Exposure to radiation at high doses can cause effects such as nausea, reddening of the skin or, in severe cases, more acute syndromes that are clinically expressed in exposed individuals within a short period of time after the exposure. Such effects are termed ‘deterministic effects’ because they are certain to occur if the dose exceeds a threshold level. Radiation exposure can also induce somatic effects such as malignancies, which are expressed after a latency period and may be epidemiologically detectable in a population; this induction is assumed to take place over the entire range of doses without a threshold level (ICRP, 2007). Also, hereditary effects due to radiation exposure have been statistically detected in other mammalian populations and are presumed to occur in human populations also. These epidemiologically detectable effects — malignancies and hereditary effects — are termed ‘stochastic effects’ because of their random nature.

Deterministic effects are the result of various processes, mainly cell death and delayed cell division, caused by exposure to high levels of radiation. If extensive enough, these can impair the function of the exposed tissue. The severity of a particular deterministic effect in an exposed individual increases with the dose above the threshold for the occurrence of the effect. From reviews of biological and clinical data it is concluded that in the range of absorbed dose up to and around 100 mGy no tissues express clinically relevant functional impairment. This applies to both single acute doses and to situations where the doses are experienced in a protracted form as repeated annual exposures (ICRP, 2007).

Stochastic effects may ensue if an irradiated cell is modified rather than killed. Modified cells may, after a prolonged process, develop into a cancer. The body’s repair and defence mechanisms make this a very improbable outcome at small doses; nevertheless, there is no evidence of a threshold dose below which cancer cannot result. The probability of occurrence of cancer is higher for higher doses, but the severity of any cancer that may result from irradiation is independent of the dose.

If the cell damaged by radiation exposure is a germ cell, whose function is to transmit genetic information to progeny, it is conceivable that hereditary effects of various types may develop in the descendants of the exposed individual. The likelihood of stochastic effects is presumed to be proportional to the dose received, without a dose threshold. For the purposes of practical radiological protection the ICRP recommends the use of a risk coefficient for stochastic effects of around 0.05 per Sv (effective dose) for exposure to radiation at low dose rate and at doses below about 100 mSv; this is a combined coefficient of detriment that includes all cancers and hereditable effects recognizing that the risks may be different for different organs and tissues (ICRP, 2007). In recent years, there has also been considerable discussion on such things as cellular adaptive responses, genomic instability and bystander signalling (ICRP, 2005). However, the ICRP considers that any contribution from these biological mechanisms is implicitly included in its estimated risk coefficient because it is based on human epidemiological data.

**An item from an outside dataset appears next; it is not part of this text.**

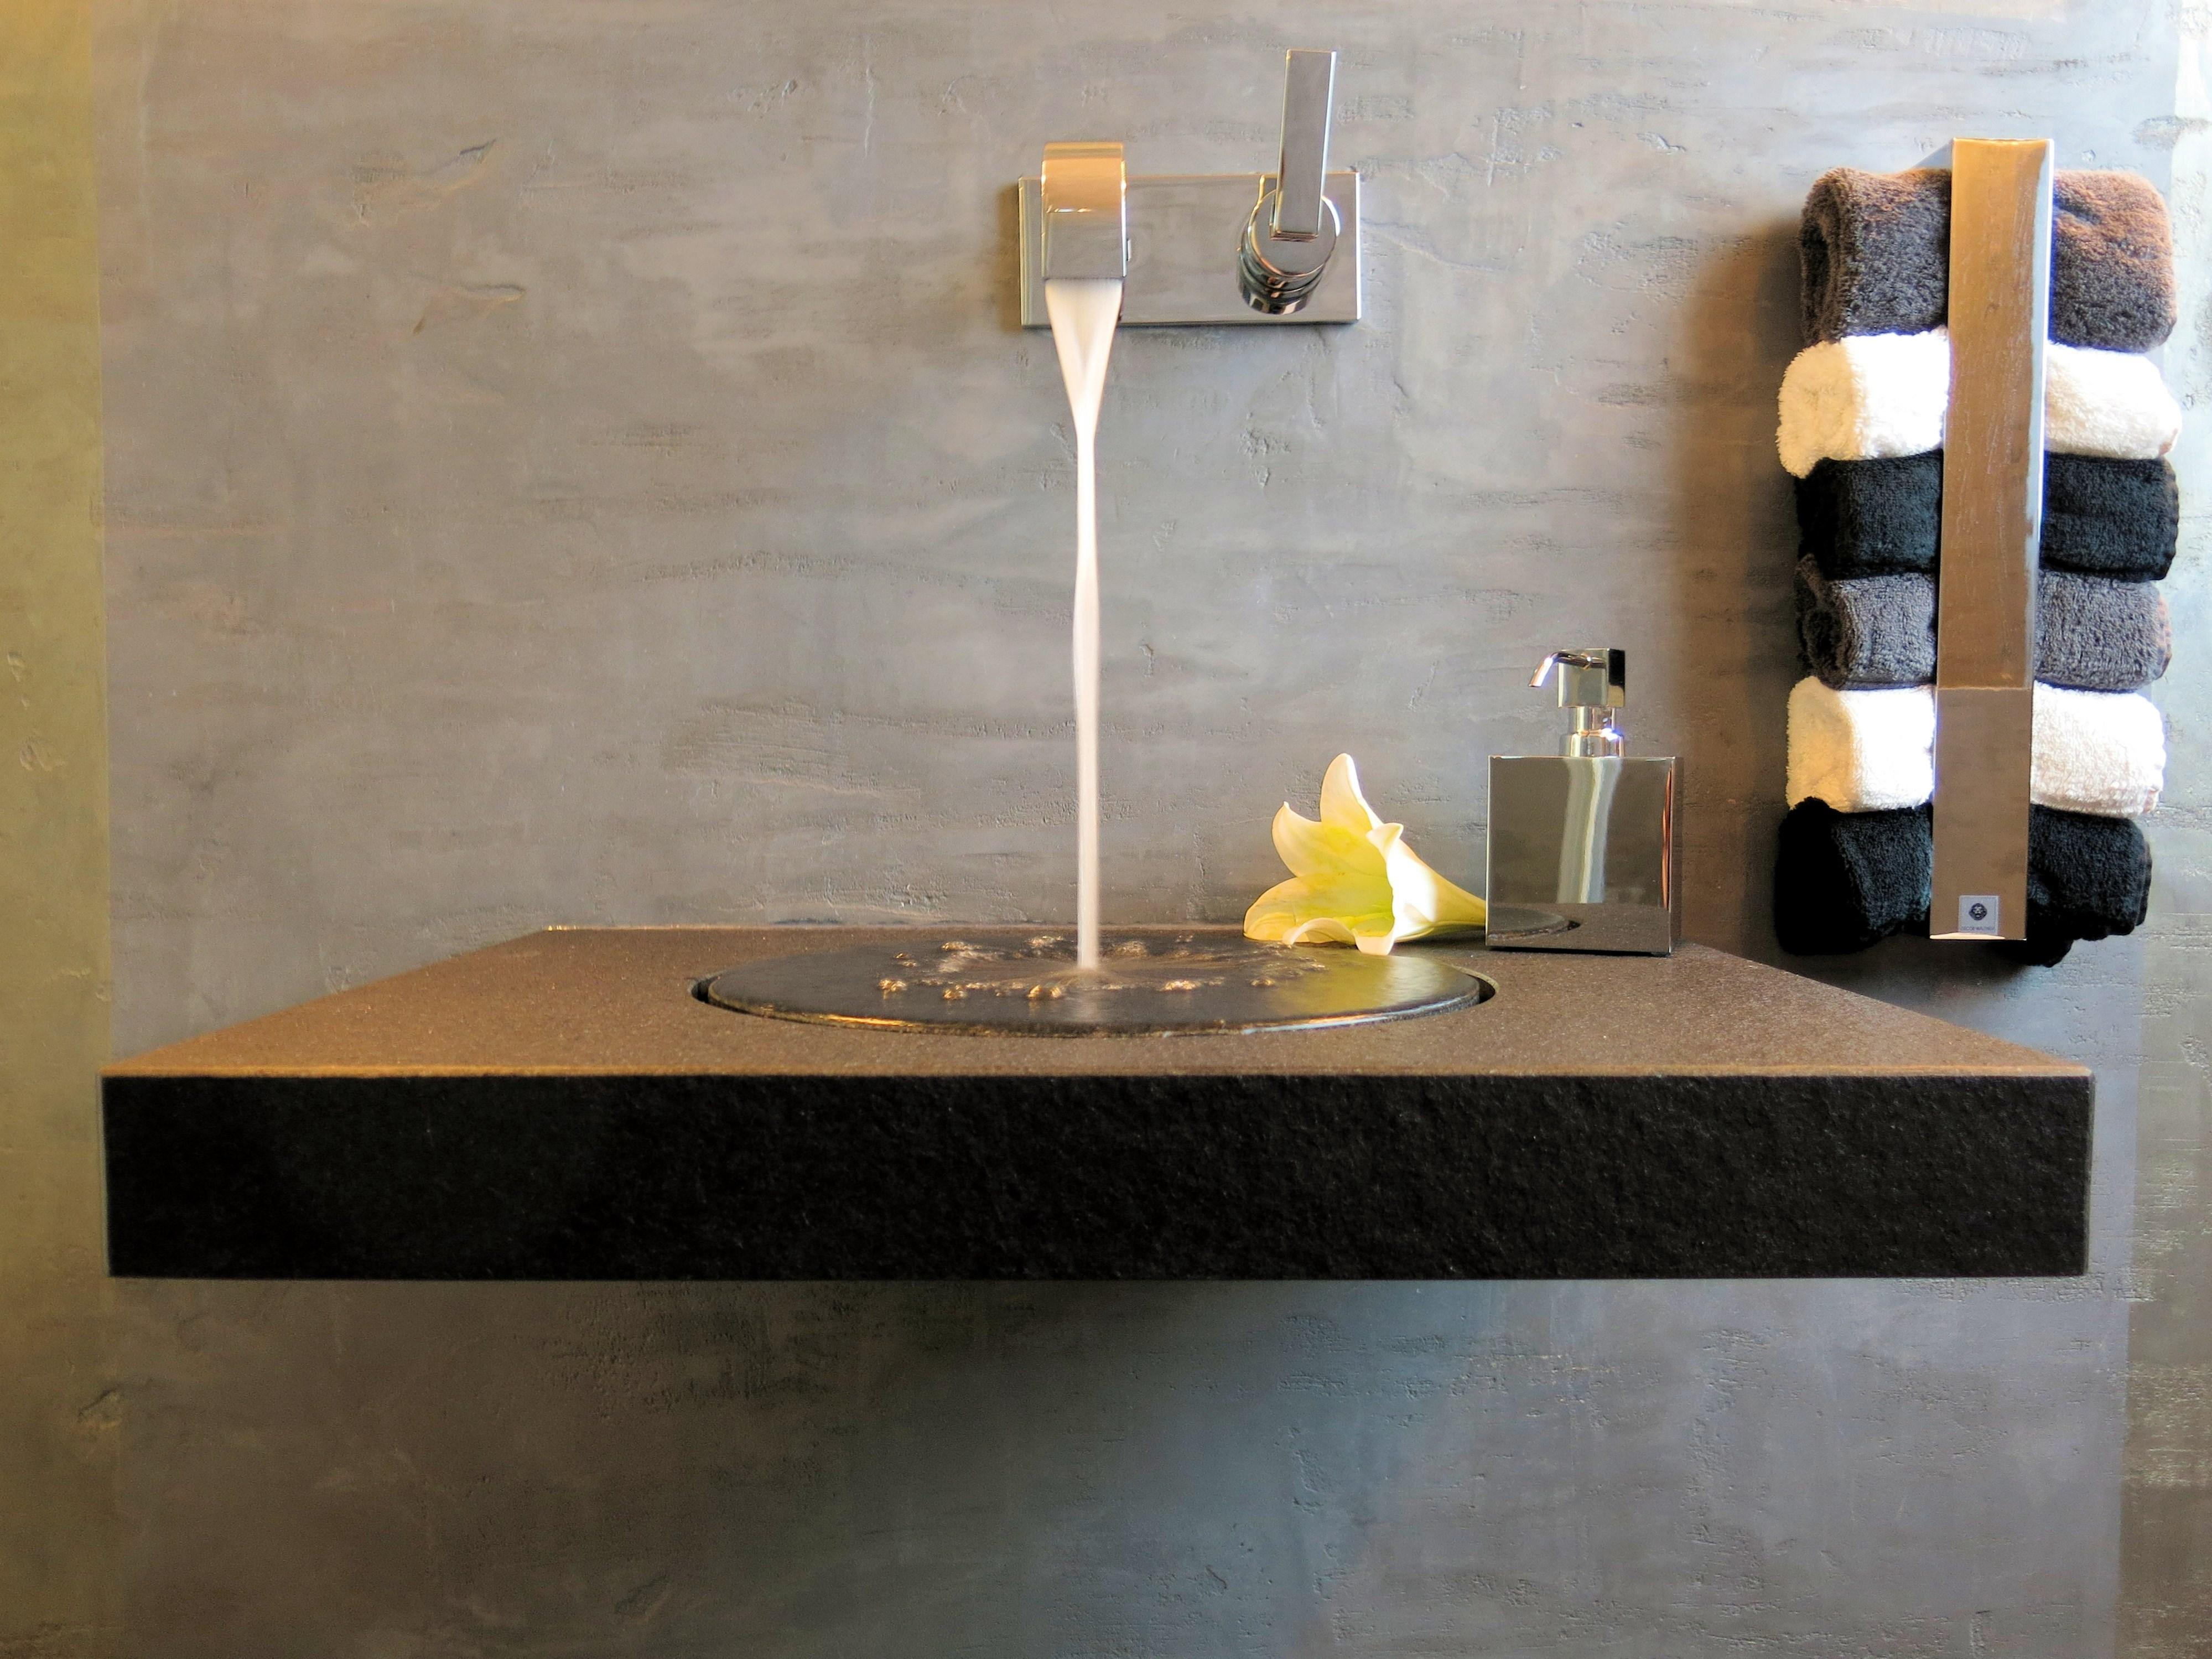 Luxus Waschbecken Im Badezimmer #waschbecken #handtuchhalter  #grauewandfarbe #luxuswaschbecken #luxusbadezimmer ©www

I n addition to the aforementioned health effects, other health effects may occur in infants due to exposure of the embryo or foetus to radiation. These effects include a greater likelihood of leukaemia and, for exposure above various threshold dose values during certain periods of pregnancy, severe mental retardation and congenital malformations. However, the ICRP concludes that the doses received from properly conducted prenatal diagnostic tests would lead to no measurably increased risk of prenatal or postnatal death or developmental damage but that higher doses from therapeutic procedures have the potential to result in developmental harm (ICRP, 2007).

In recent years evidence has accumulated that the frequency of non-cancer diseases is increased in some irradiated populations particularly for heart disease, stroke, digestive disorders, and respiratory disease. These effects have been seen at high doses but, at present, the ICRP considers that there is insufficient information to determine if these effects occur at low doses and without a threshold (ICRP, 2007).